Most donors are able to return to leading normal lives after recovering from the surgery, he adds. And, his center has seen no complications among their donors. But, a report last year by researchers at Barnes-Jewish Hospital in St. Louis detailed complications among 62 donors who had undergone the procedure there.2
In their report, 38 of the 62 had complications, including 12 major problems and 55 minor ones. The major complications included a hemorrhage that required transfusions and a nerve injury that partially paralyzed the donor’s diaphragm. Minor complications included pneumonia, temporary problems with heart rhythm, and infections of the pericardium.
Is it ethical?
The problem for many in the transplant community is that complications in living donors are health problems caused by physicians in previously healthy people — the opposite of the mandate to "first, do no harm." But, for physicians in the transplant community faced with patients with little hope and donors asking to take the risk to save a loved one, going ahead with these procedures offers a chance they feel compelled to pursue, both for the individual patients and for the thousands more who must wait for a cadaveric organ.

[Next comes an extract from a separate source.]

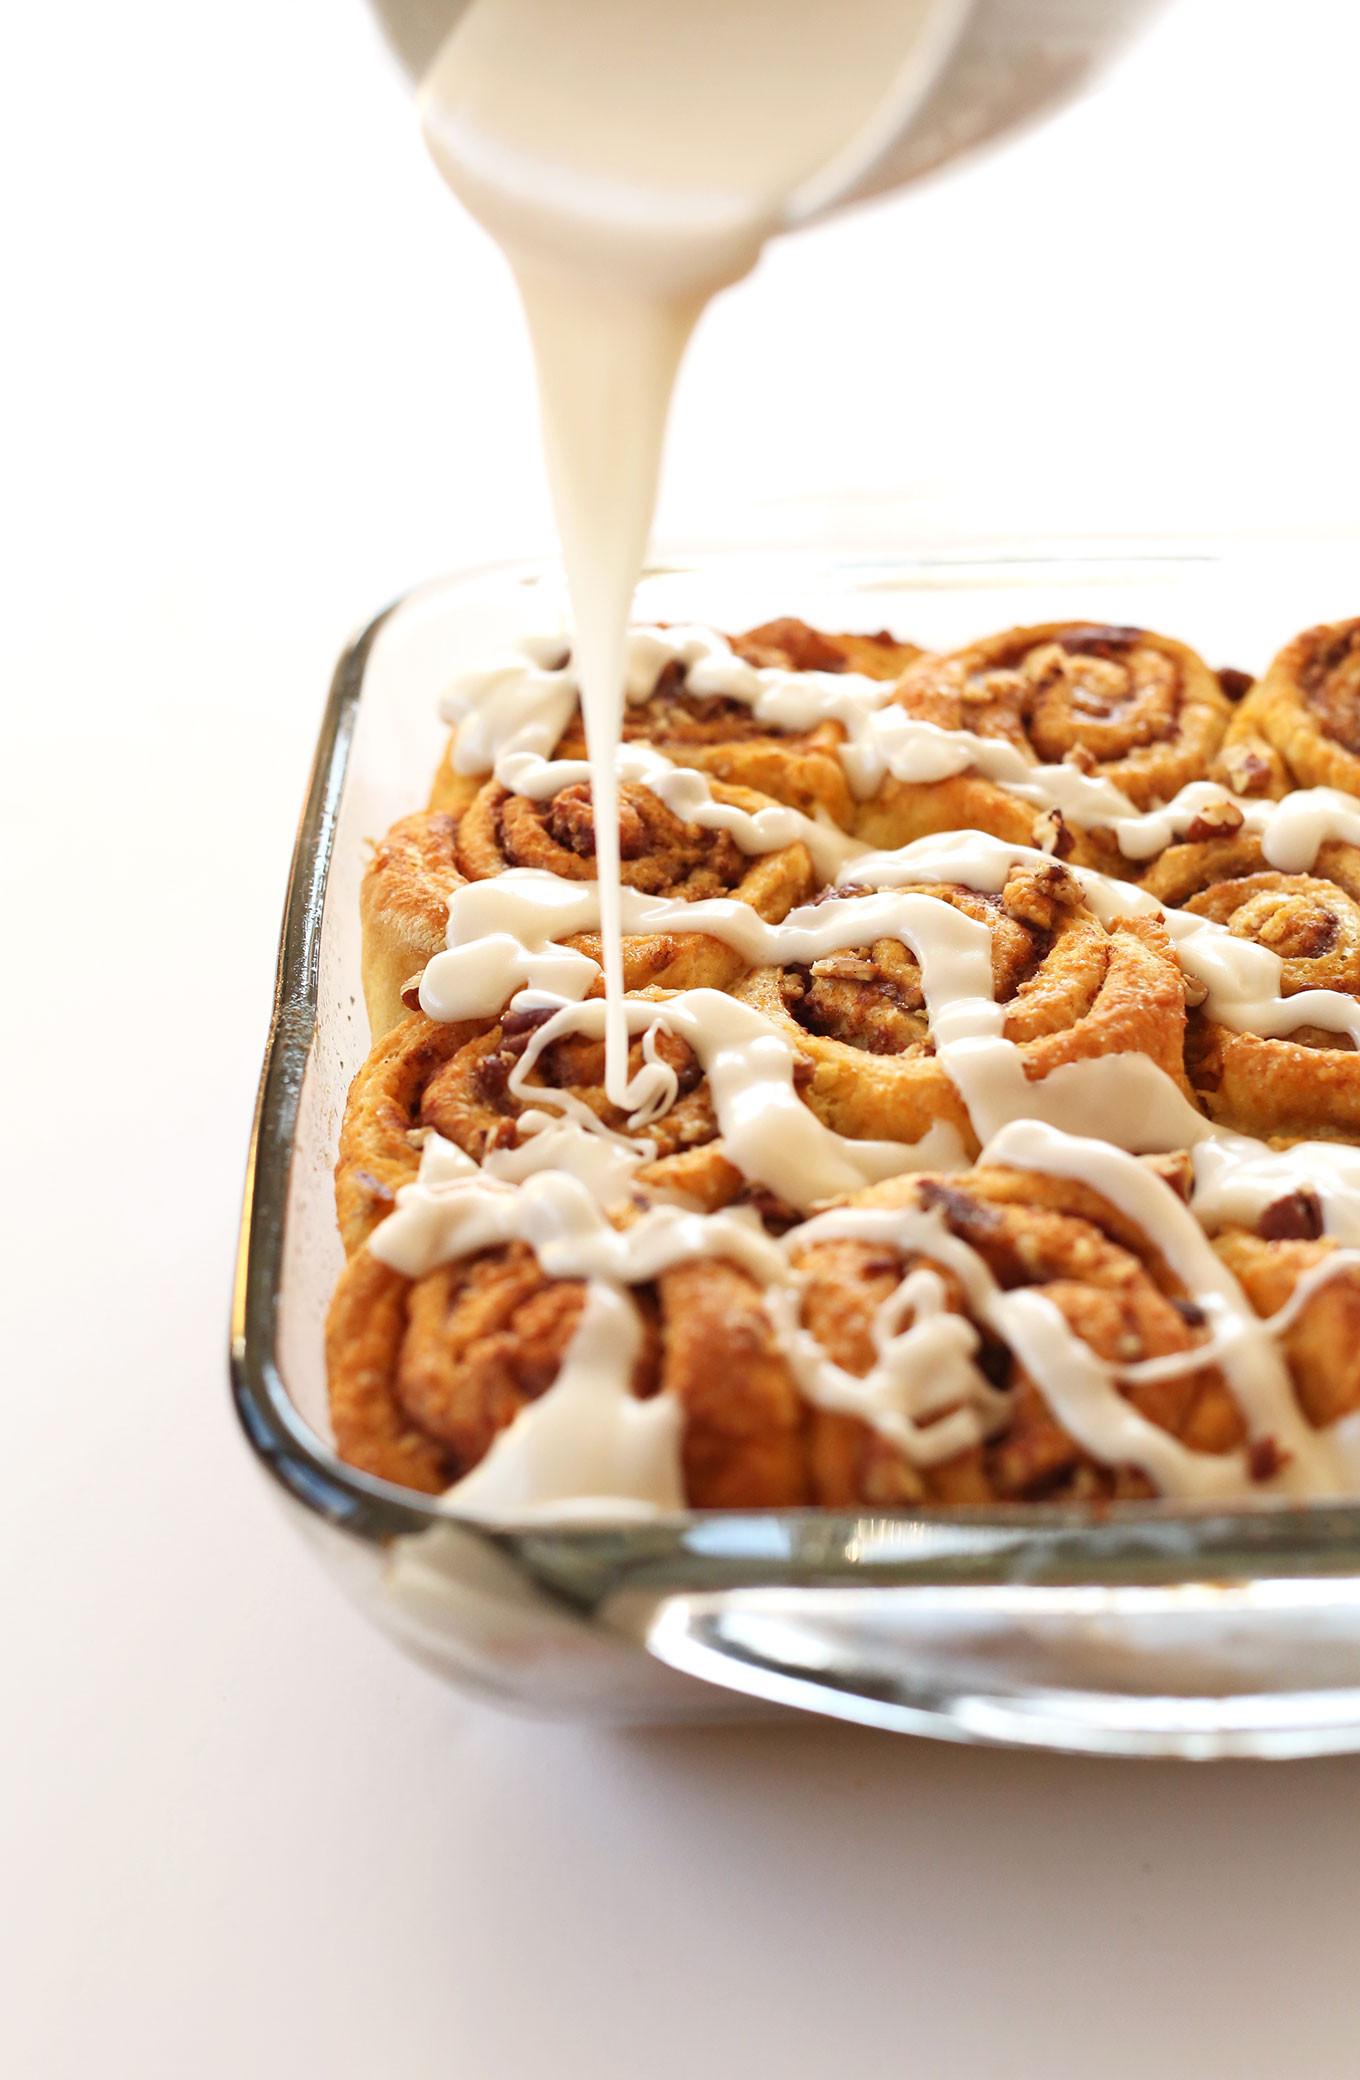 Vegan Pumpkin Desserts Recipes  Vegan Pumpkin Cinnamon Rolls

"Clearly, there is a lot of debate about whether it is reasonable to take otherwise healthy people and expose them to significant risks, of liver transplantation, for example, solely for the good of another," says Pomfret.
"It is the heart of a lot of ethical debates. But, I think that most people agree, at this point, who are doing this, that, if the donation is done in such a way that there is a genetic or significant emotional relationship between donor and recipient, then there is a rationale to allowing that person to take that risk."
Both Park and Pomfret say they recommend limiting these procedures to patients who really have no other alternative — who most likely face death if they wait for cadaveric organs. And, both say it is essential that centers offering these procedures devote significant resources to ensuring that the donors are not coerced into offering the donation and that they fully understand the risks. (See "Living donors require adequate protection," in this issue.)
Given that 10%-20% of patients seeking lung transplants die on the waiting list and that lungs can be harvested from only 10%-15% of cadaveric organ donors, Park feels that the procedures have a place.
"I would not say that this is something that should be recommended as being an alternative to seeking cadaveric lung donation," Park says. "But, given that the availability of organs is so low, and the death rate on the waiting list is so high, I think it should be done in limited situations, and, possibly, expanded as we learn more."
References
1. Cronin DC II, Millis JM, Spiegler M. Transplantation of liver grafts from living donors into adults — too much, too soon. N Engl J Med 2001; 344(21):1,633-1,637.
2. Battafarano RJ, Anderson RC, Meyers BF, et al. Perioperative complications after living donor lobectomy. J Thorac Cardiovasc Surg 2000; 120:909-915.
Sources
• Soon Park, MD, University of Minnesota, Department of Surgery, MMC207, 420 Delaware St. S.E., Minneapolis, MN 55455.
• Elizabeth Pomfret, MD, Lahey Clinic, 41 Mall Road, Burlington, MA 01805.